Restate the listing below word for word, pictures excluded.

→ **Dataset content**:
BEGIN

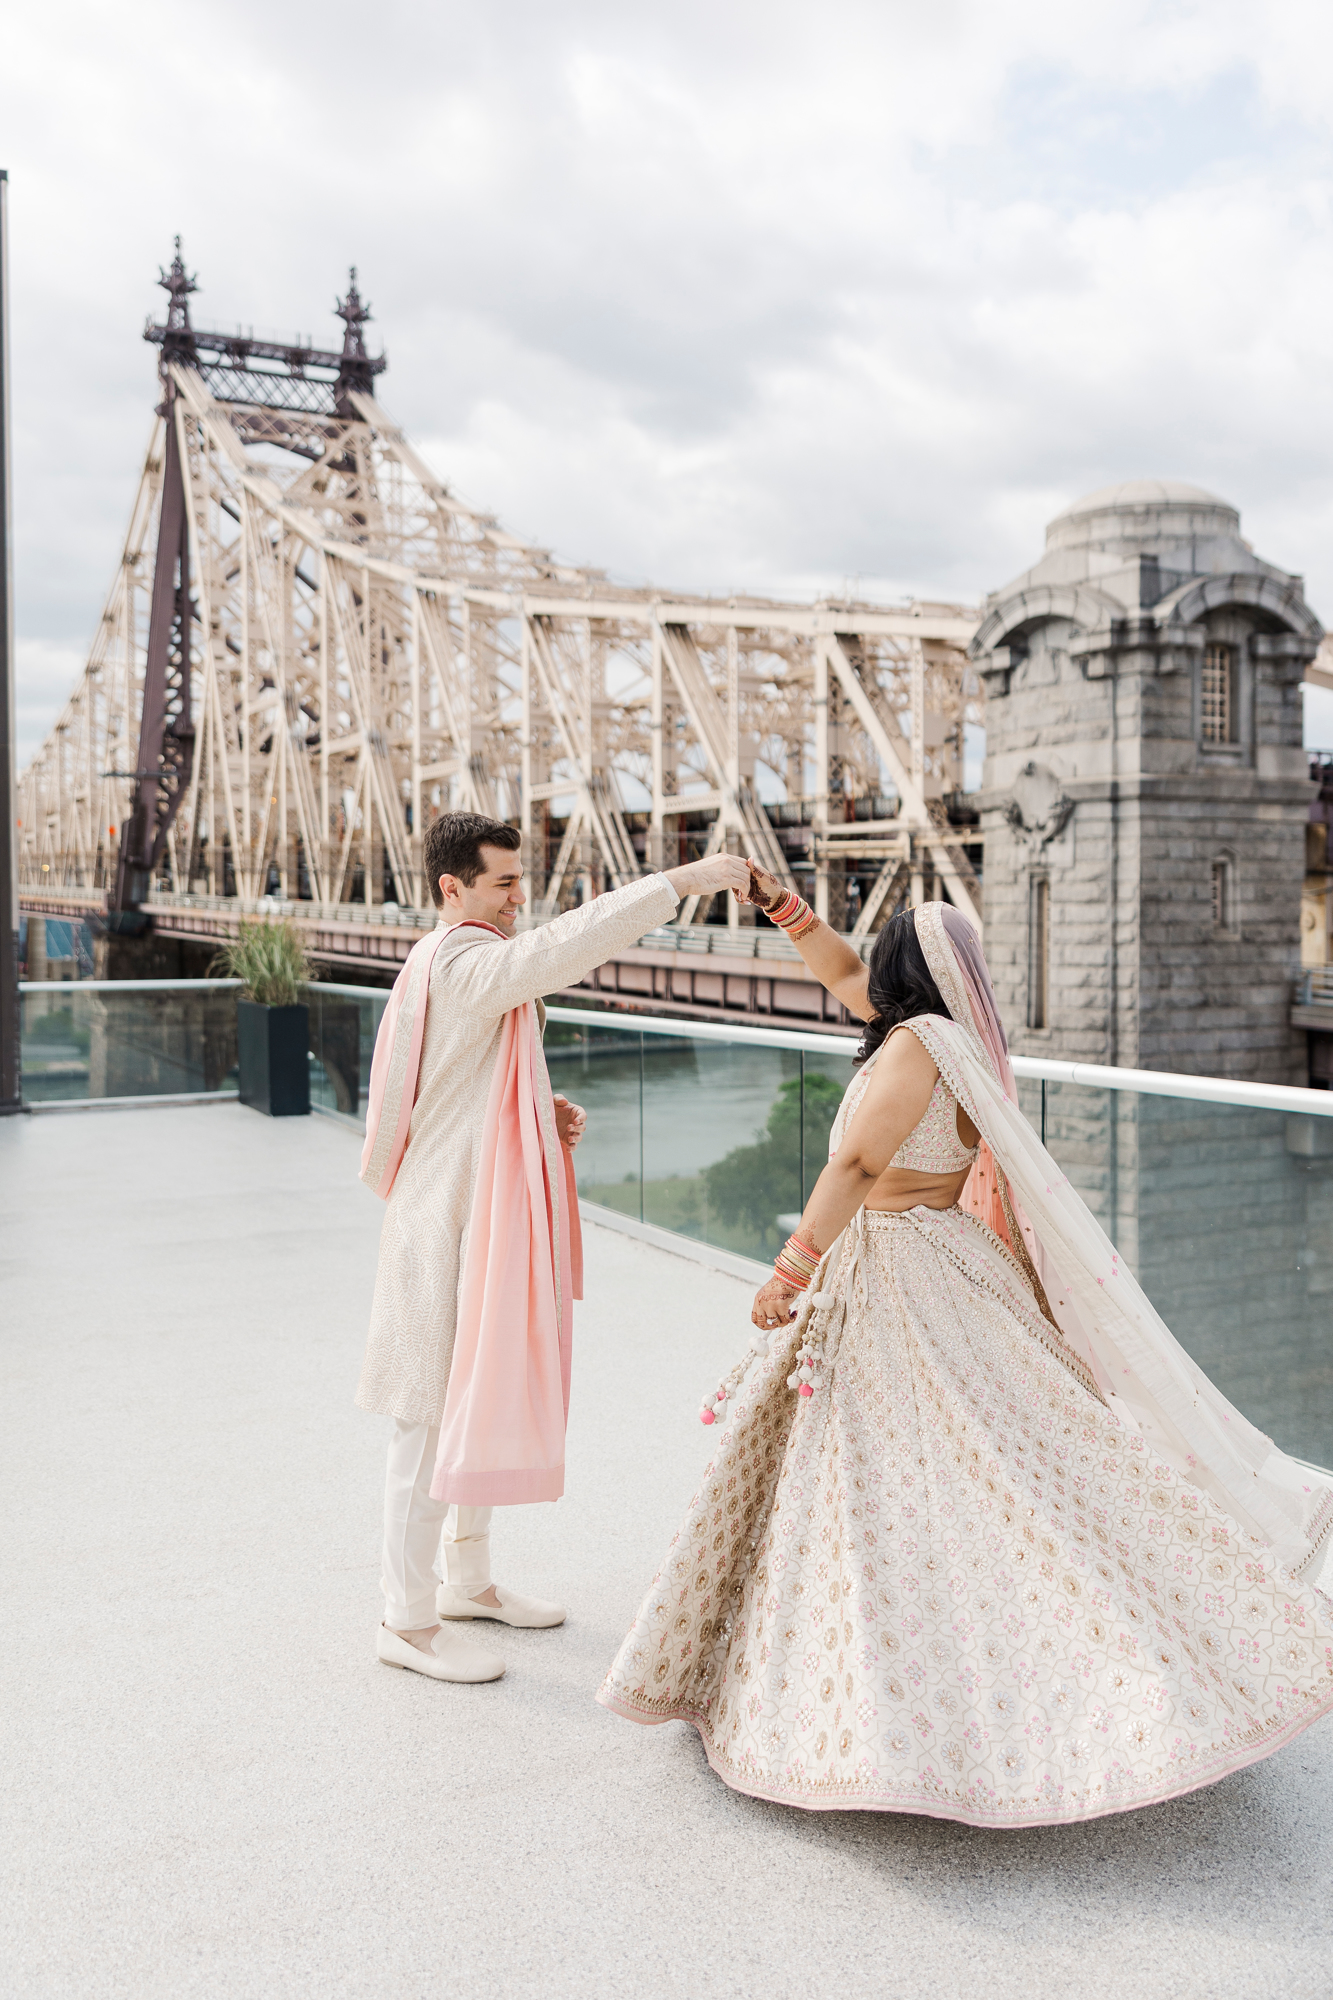 Amazing Ravel Hotel Wedding in a Peachy, Pastel Palette
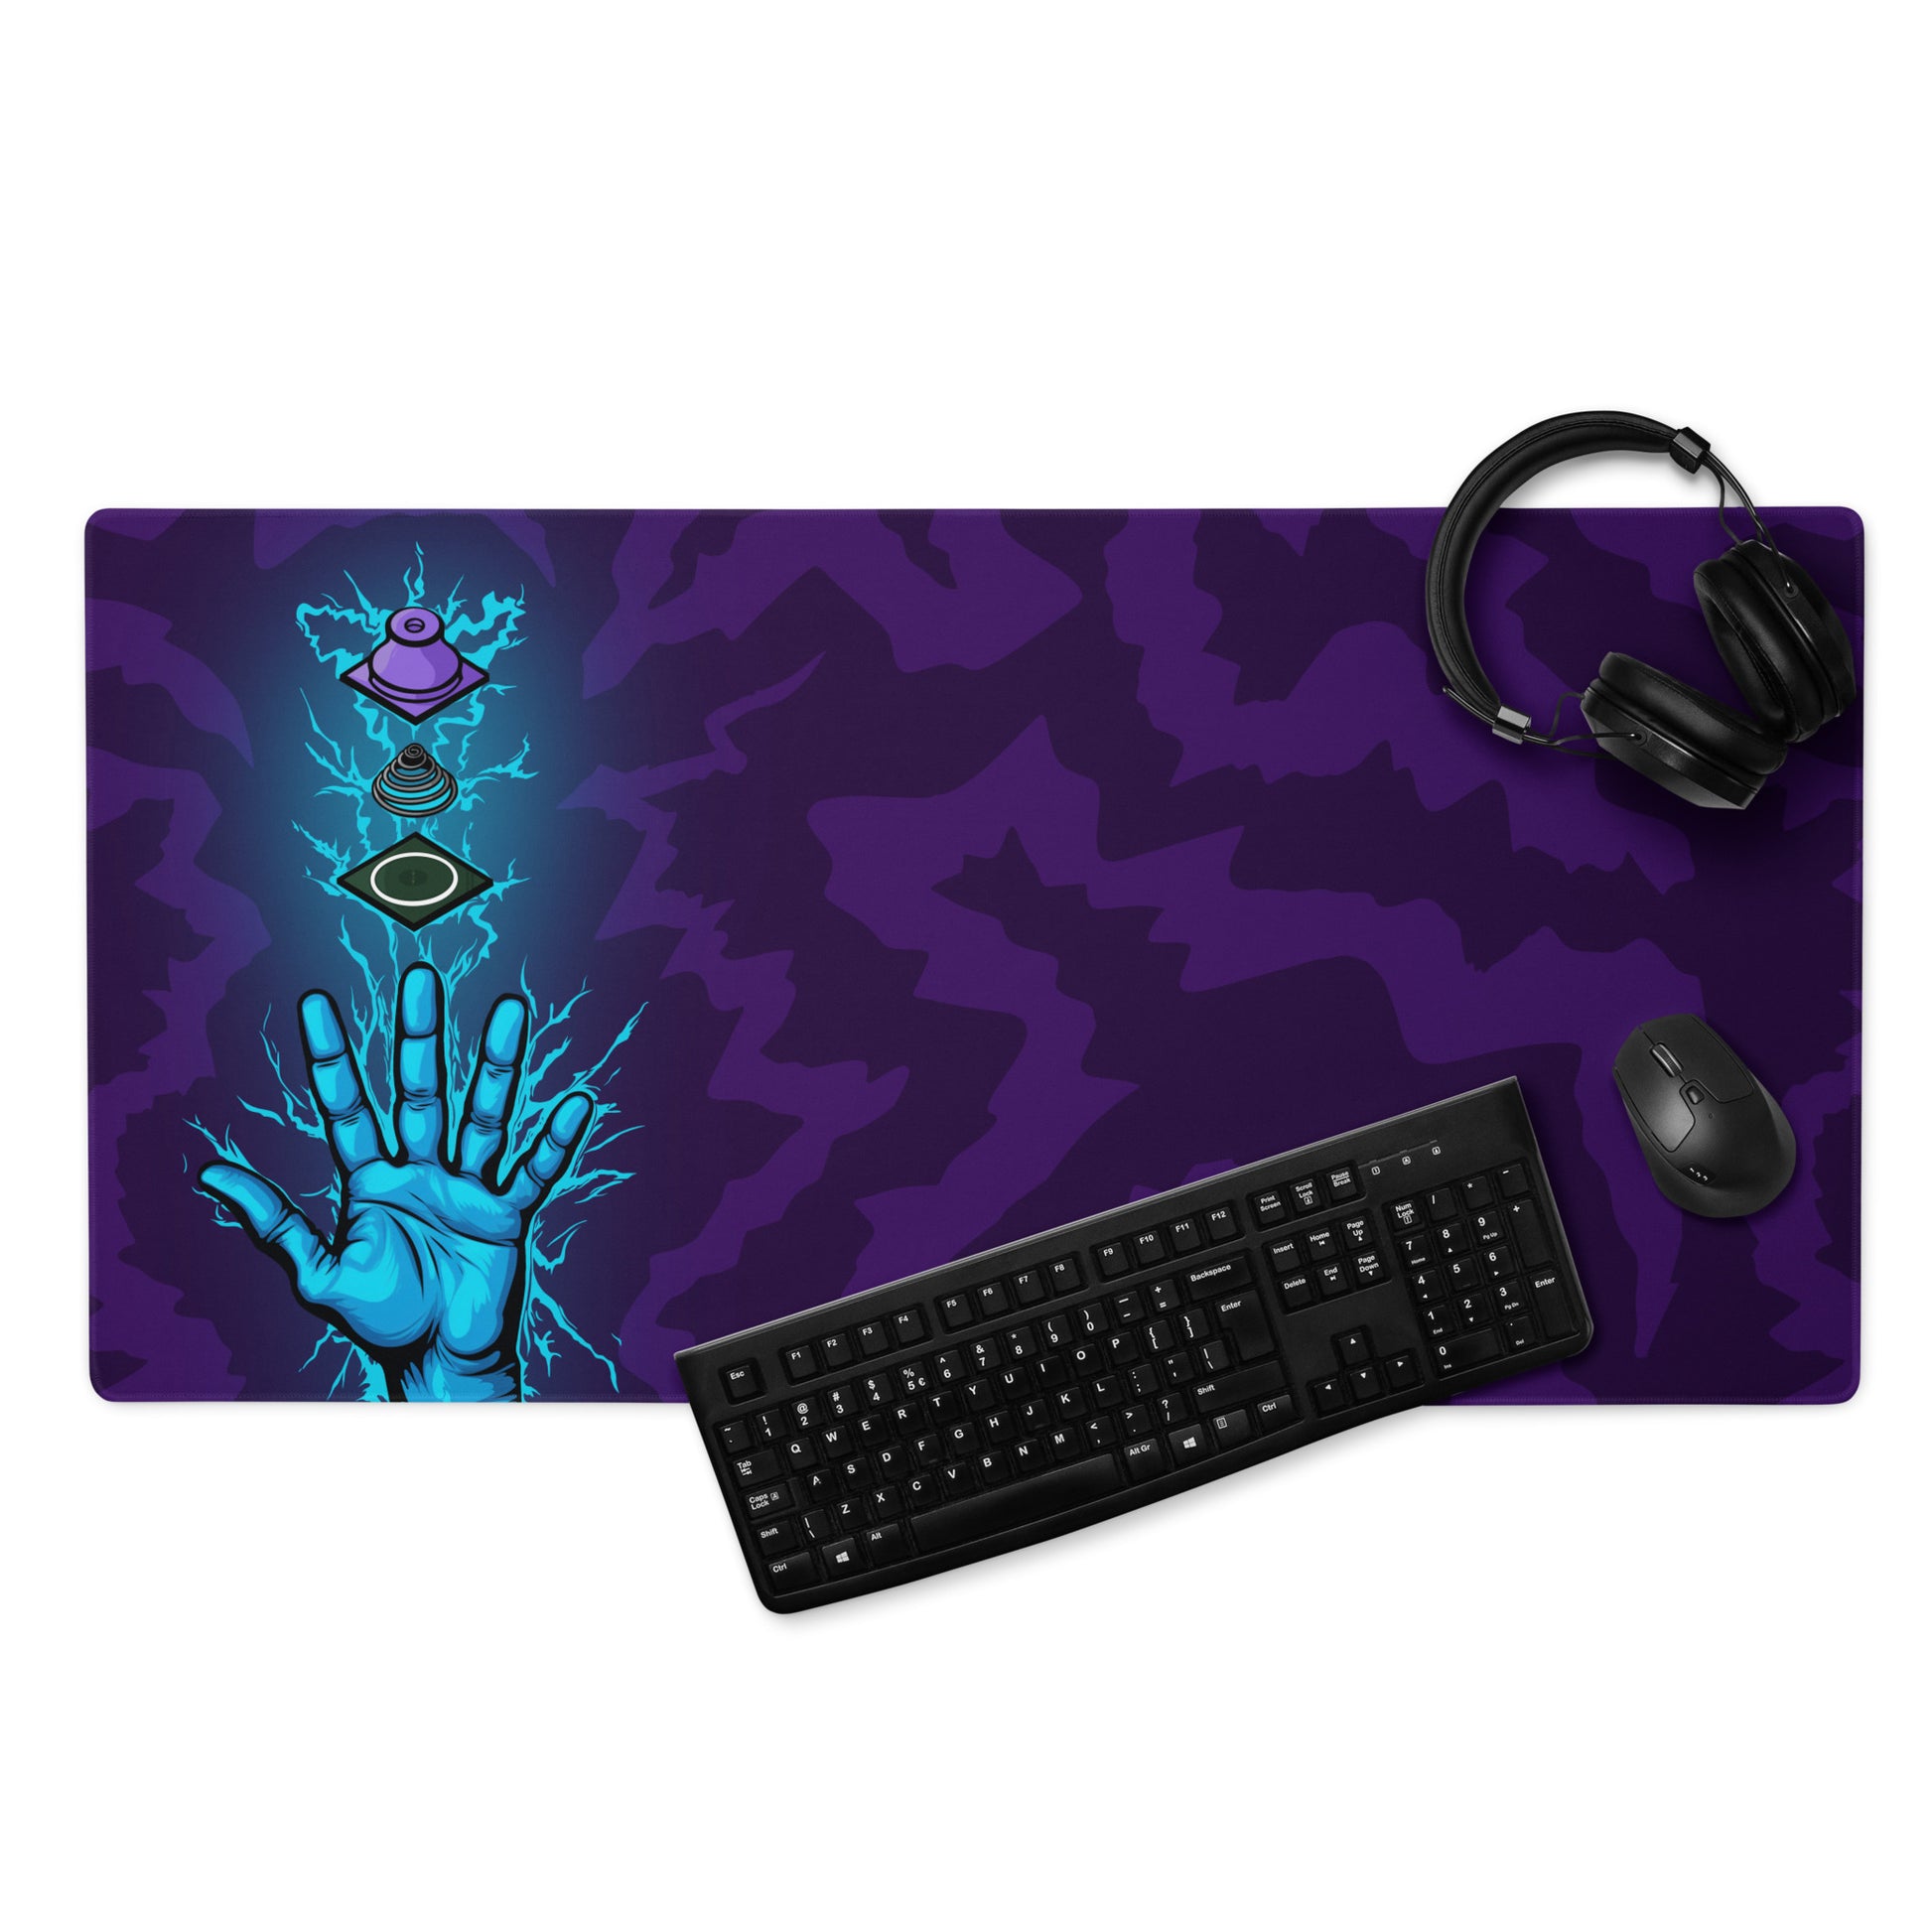 A 36" x 18" desk pad with a hand touching a broken down view of a Topre switch displayed with a keyboard, headphones and a mouse. Purple in color.
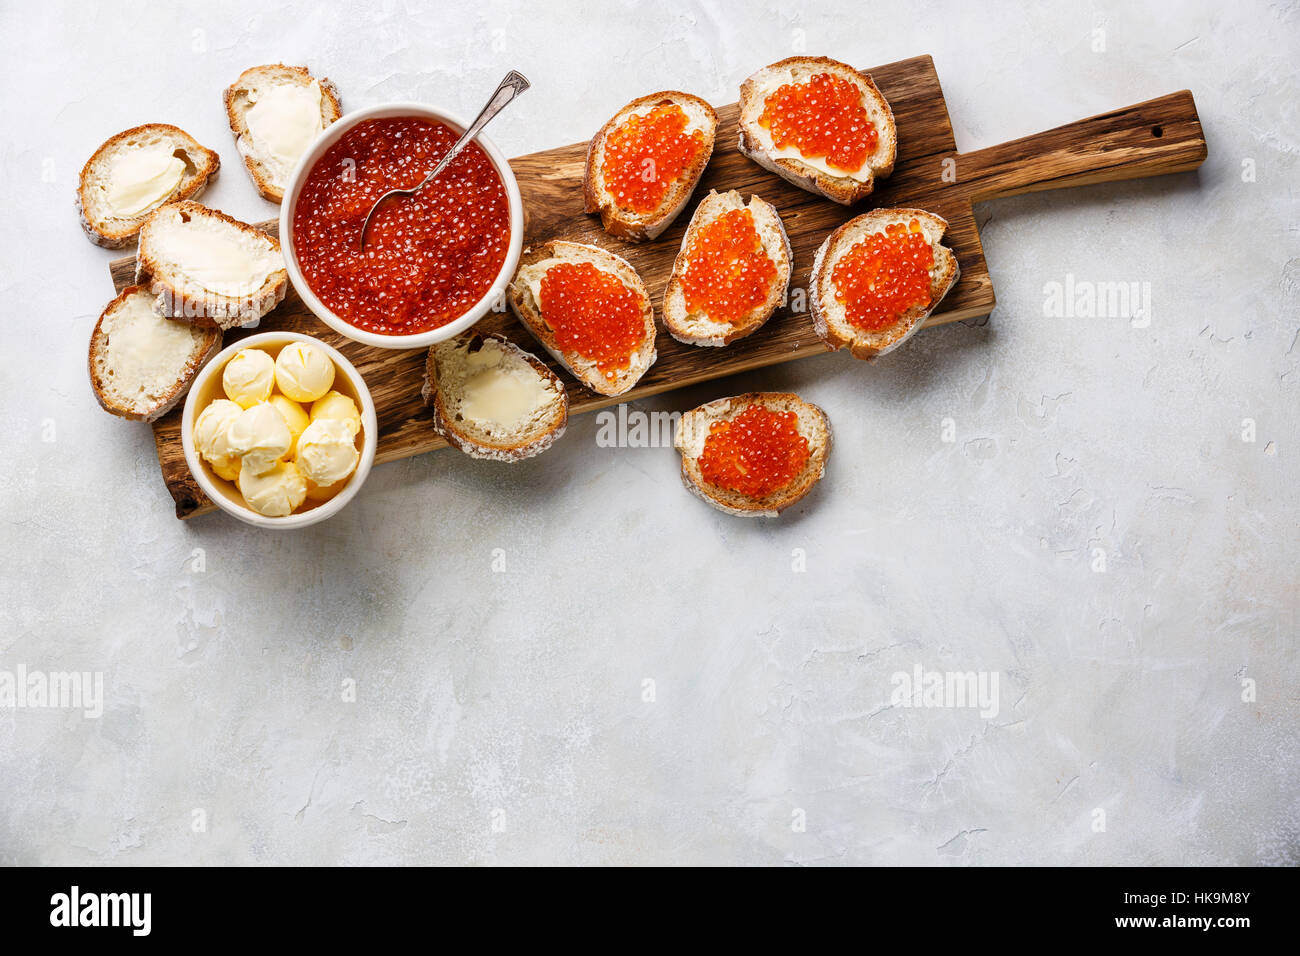 Salmon red caviar in bowl and Sandwiches on wooden cutting board on white background copy space Stock Photo

END

→ **Exercise result**:
 Amazing Ravel Hotel Wedding in a Peachy, Pastel Palette
 A 36" x 18" desk pad with a hand touching a broken down view of a Topre switch displayed with a keyboard, headphones and a mouse. Purple in color.
 Salmon red caviar in bowl and Sandwiches on wooden cutting board on white background copy space Stock Photo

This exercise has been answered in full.